A few more short-takes (in lieu of actual posts that take time or energy to compose!) — consider this fair warning that they’re all a little on the geeky side.

  • Holy crap, the folks behind the kick-ass app Parallels have released a new beta version for the Mac (download here) that takes things to a whole new level. You can now interleave Windows and Mac windows on the same screen, modify shared folders while a virtual machine is running, and drag and drop between the Mac and Windows installations, and it looks like a slew of interface issues were fixed as well. It looks like you can also boot from a Boot Camp installation of Windows, but from the comments in that discussion group thread, there might be dragons so it might be worthwhile hanging back and waiting to see how that works itself out. (Thanks to Dan for letting us know about the new beta!)
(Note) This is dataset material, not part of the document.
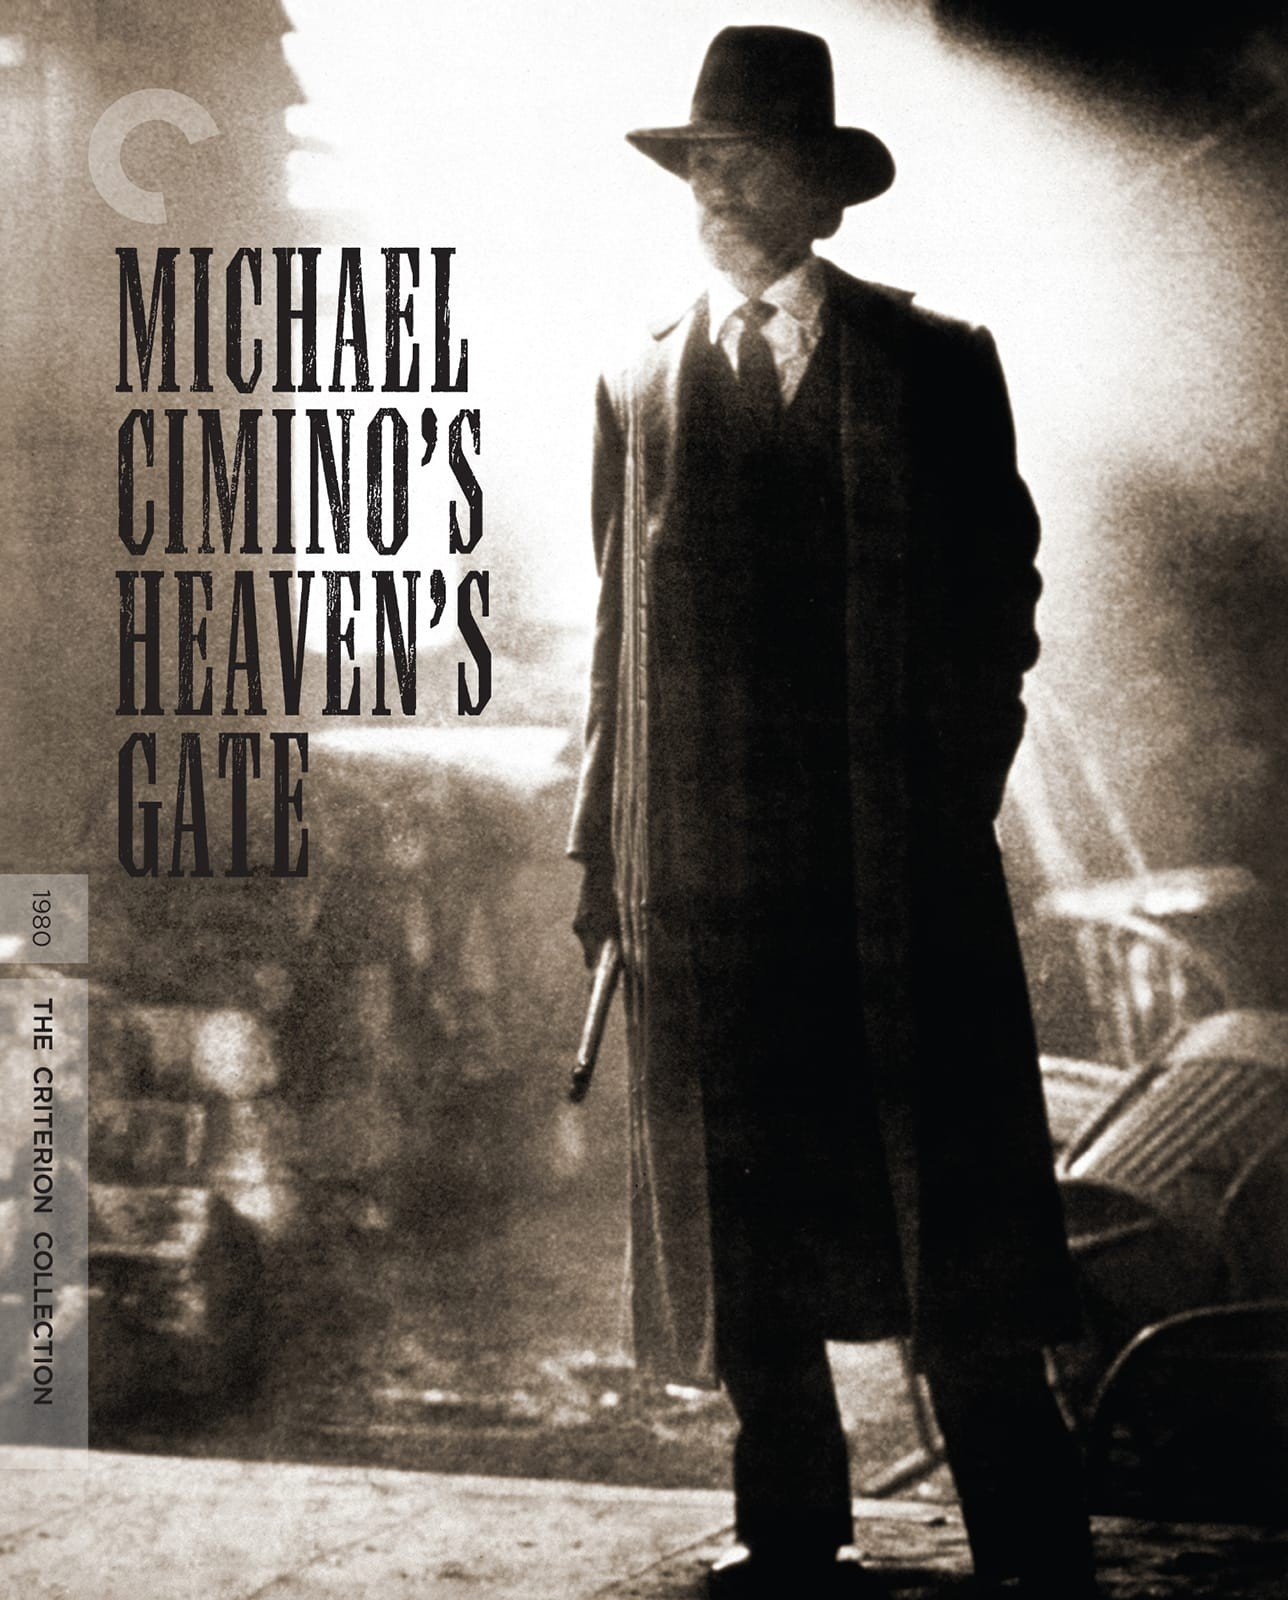 knockin on heavens door movie watch online english

  • I’m a sucker for a programmer weblog that focuses on issues of usability and logic rather than the nitty gritty insides of some technology or language. (Think Raymond Chen’s Old New Thing or Joel Spolsky’s Joel on Software, both of which are like crack for me.) Because of this, I was happy to discover today that the authors of the Head First line of programming books have a weblog, Creating Passionate Users, that solidly fits into this same mold! I’m a fan of their books, and am glad to be adding the site to my reading list.
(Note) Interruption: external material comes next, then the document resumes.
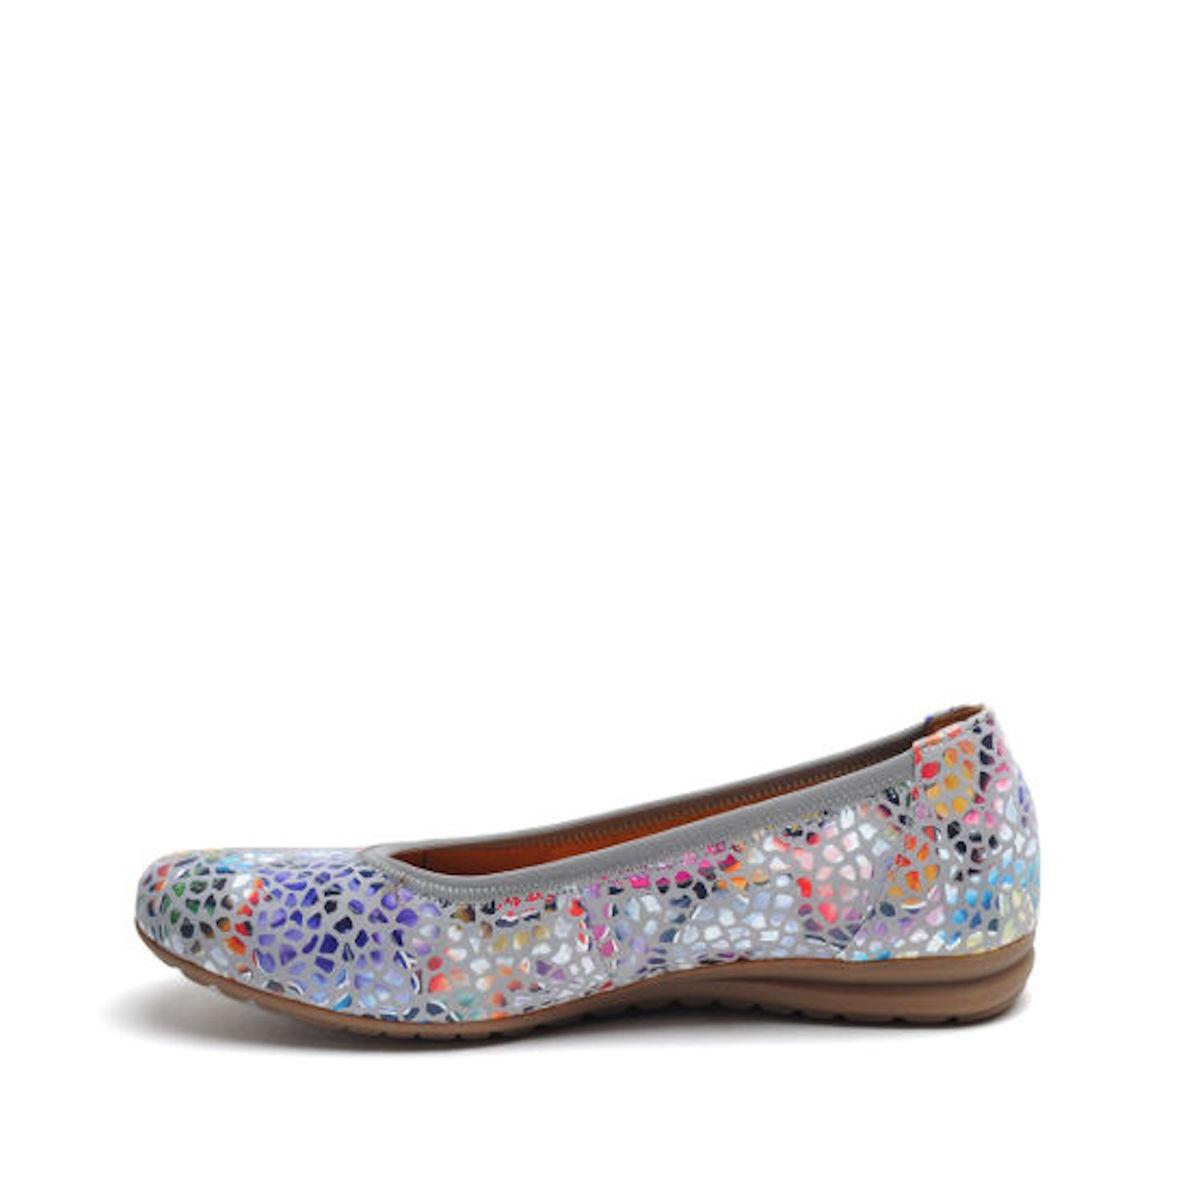 Gabor Splash - Womens Stone / Floral Multi Leather Pump

  • Speaking of weblog reading lists, earlier this year I switched to using the web-based feed reader reBlog, and was ecstatically happy about its general level of hotness. Over time, though, it’s demonstrated a bunch of flaws — such as suboptimal parsing of pages and feeds (at times leading to feed lists rendered so poorly that the app’s own control buttons become totally nonfunctional!), feed items showing up dozens of times as new despite having been archived, and keyboard commands that randomly shut off — all of which have made me eagerly anticipate the release of a new version that incorporates bug fixes and whatnot. We’re now nine months later and no new versions have crossed the wire, so I decided to post in the forum asking about the status, and learned that the authors aren’t working on it anymore and there won’t be any more versions. That’s sad; I have a lot of data locked up in the archives of my reBlog installation, an app that’s becoming harder and harder to use with any reliability, and no real path forward… time to start looking for options.
  • And finally: my feet are famous! (Mine are the ones in the Apple socks; Alison is a good friend of ours, and the socks were a thank-you gift for some computer work I did for her.)